Why I can’t ignore General Conference

May 16th, 2016

When they told Mordecai what Esther had said, Mordecai told them to reply to Esther, “Do not think that in the king’s palace you will escape any more than all the other Jews. For if you keep silence at such a time as this, relief and deliverance will rise for the Jews from another quarter, but you and your father’s family will perish. Who knows? Perhaps you have come to royal dignity for just such a time as this.” — Esther 4:12-14, NRSV

I’ve tried so hard. I’ve been diligent in my efforts and concise in my execution of my carefully laid out plan. This plan has been laid out since 2012, and frankly I thought it would work.

I’ve been trying to ignore General Conference 2016.

Sure, it’s been difficult. I’m an avid social media person who enjoys engaging people for all things church. But after my times as a delegate to GC2012, I have been tried and tested in my faith in the aftermath. I even left the denomination for a season in the wake of the fiasco that was General Conference. So this time around, I thought I was prepared; I thought I was ready. I had planned to just shut it down and not have a voice in this. But there is that old saying: “When you make plans, God laughs.”

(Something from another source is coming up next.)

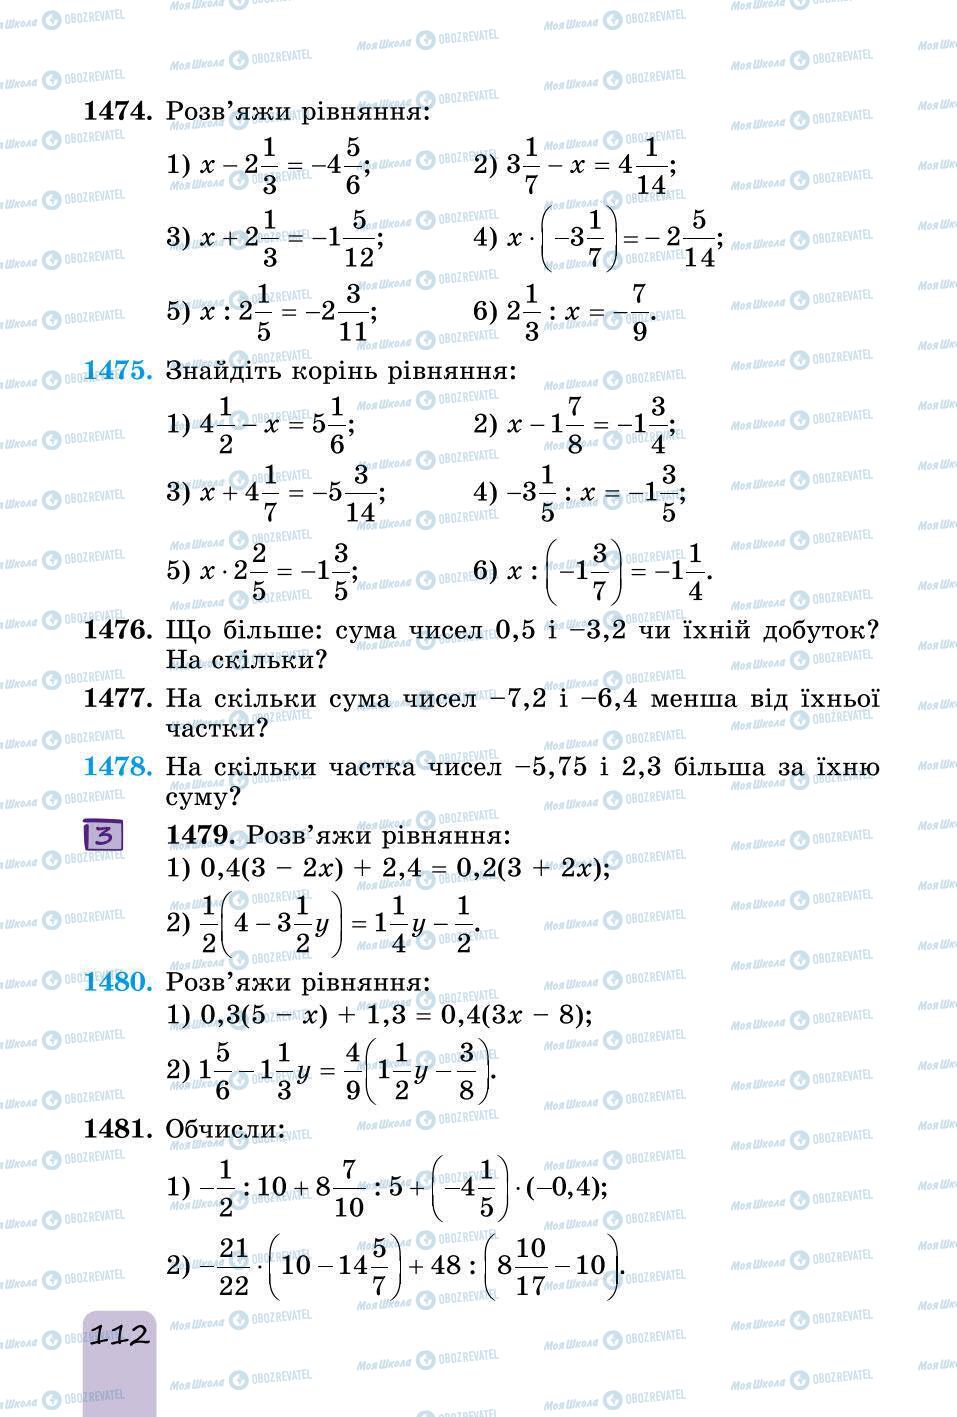 Учебники Математика 6 класс страница 112

You see, I received a message on Facebook from a person who follows me on social media. He described me as an “open and honest minister” (I’m humbled to be described that way), and he asked for my prayers after an exchange where someone made a disparaging comment about our LGBTQ brothers and sisters in Christ.

As I read the message I couldn’t help but think of Esther’s exchange with Mordecai in the book of Esther. “For if you keep silence at such a time as this, relief and deliverance will rise for the Jews from another quarter… Who knows? Perhaps you have come to royal dignity for such a time as this.”

Perhaps all of us have been given a voice for such a time as this. The divisiveness we face in The United Methodist Church could perhaps be put in a different light if we didn’t degrade or threaten one another with schism and provocative rhetoric. Perhaps relief will rise from another quarter, but I want relief to come to this beloved denomination, the denomination that has given me so much.

So I’m going to watch, and wait, and pray earnestly that God might show up as God did at Pentecost. It is my hope that we might re-claim that Pentecost promise as a people known as Methodists. We’re a rambunctious bunch, but perhaps we’ve been created for such a time as this.